Abstract
The emergence of COVID-19 has caused a wide spectrum of symptoms, ranging from asymptomatic to devastating symptoms, leading to death. One of the most serious complications of COVID-19 is the thromboembolic phenomenon, which has led to increased morbidity and mortality. Several vaccines were developed to protect against this infection and used widely across the globe. However, thromboembolic events were observed in the vaccinated population and were certainly the most commonly reported events following the COVID-19 vaccination. Although the thrombotic complications of COVID-19 were poorly understood, hyper-inflammatory responses were thought to be one of the main explanations for this infection sequel. In the setting of COVID-19 vaccines, there is still no clear understanding of the thrombosis pathophysiology, and, again, exaggerated pro-inflammatory and immune-mediated processes seem to be leading causes. Definitely, with the rise in reported cases of serious complications and increased awareness of these phenomena, we learn new theories and explanations that help us understand and manage those patients.

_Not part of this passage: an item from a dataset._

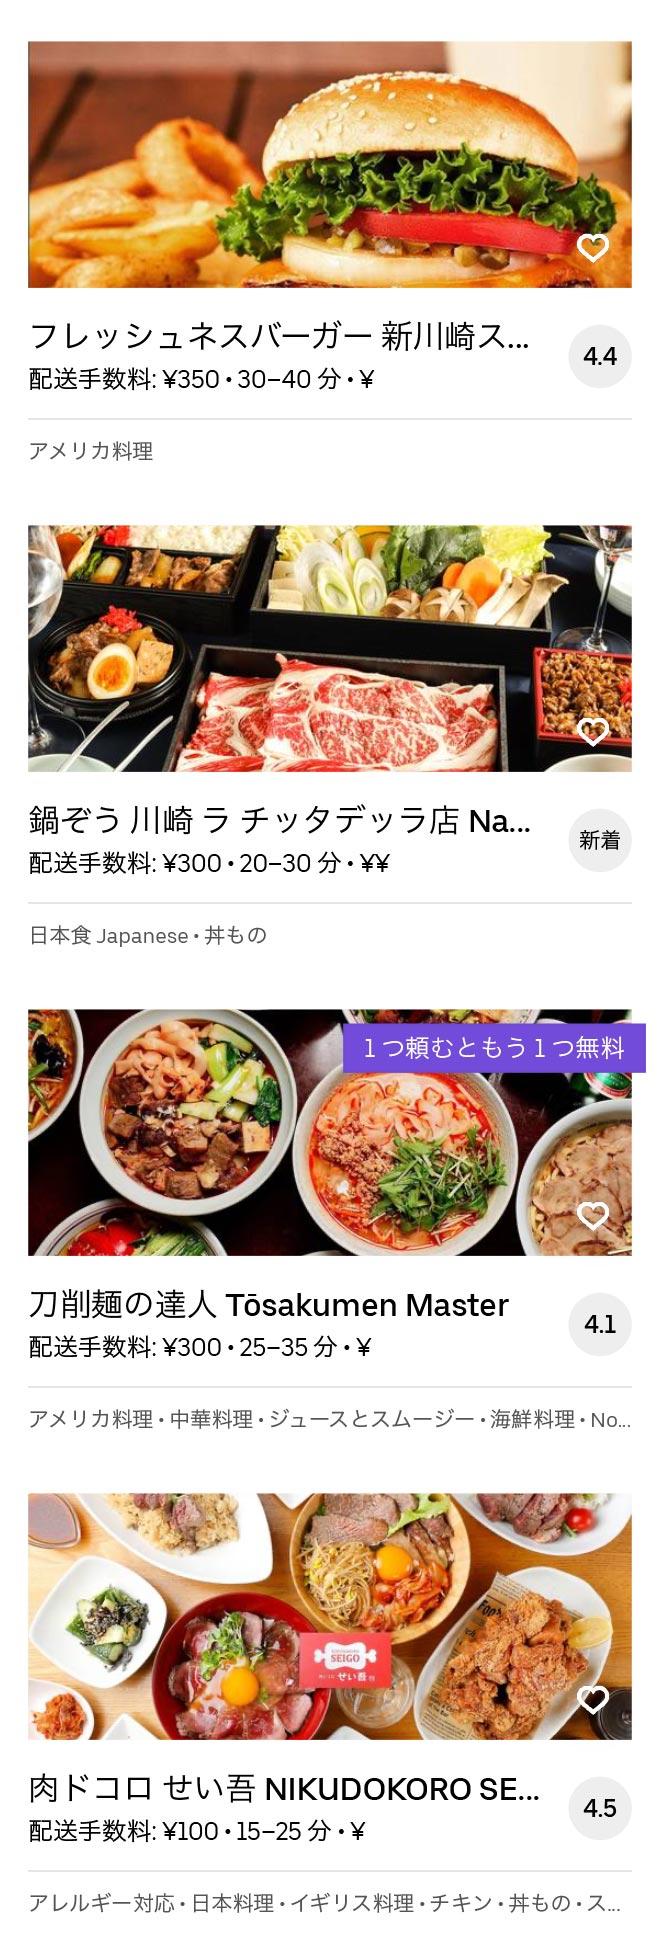 Yokohama tsurumi menu 2004 06

We report the case report of two patients we managed over the last three years who presented with thrombotic microangiopathy following the COVID-19 vaccination.
Keywords: thrombosis, atypical hemolytic uremic syndrome, vaccine, thrombotic microangiopathy, covid-19
Introduction
The emergence of COVID-19/severe acute respiratory coronavirus 2 (SARS COV-2) in early December 2019 warranted the declaration of a pandemic in March 2020 by the World Health Organization. Despite the wide spectrum of symptoms caused by the virus, ranging from asymptomatic to devastating symptoms, leading to death, COVID-19 has led to an increase in morbidity and mortality rates and has been declared as a very high-risk global pandemic per the Coronavirus Disease (COVID-19) Situation Reports [1]. The COVID-19 infection has been associated with a high incidence of thrombosis and thromboembolic complications, and hyper-inflammatory response mediated by the immune system is considered a major factor in developing these complications [2]. As the high infectivity rates and fatalities were becoming more apparent, the need to develop a vaccine and specific viral treatment became a flashpoint for researchers.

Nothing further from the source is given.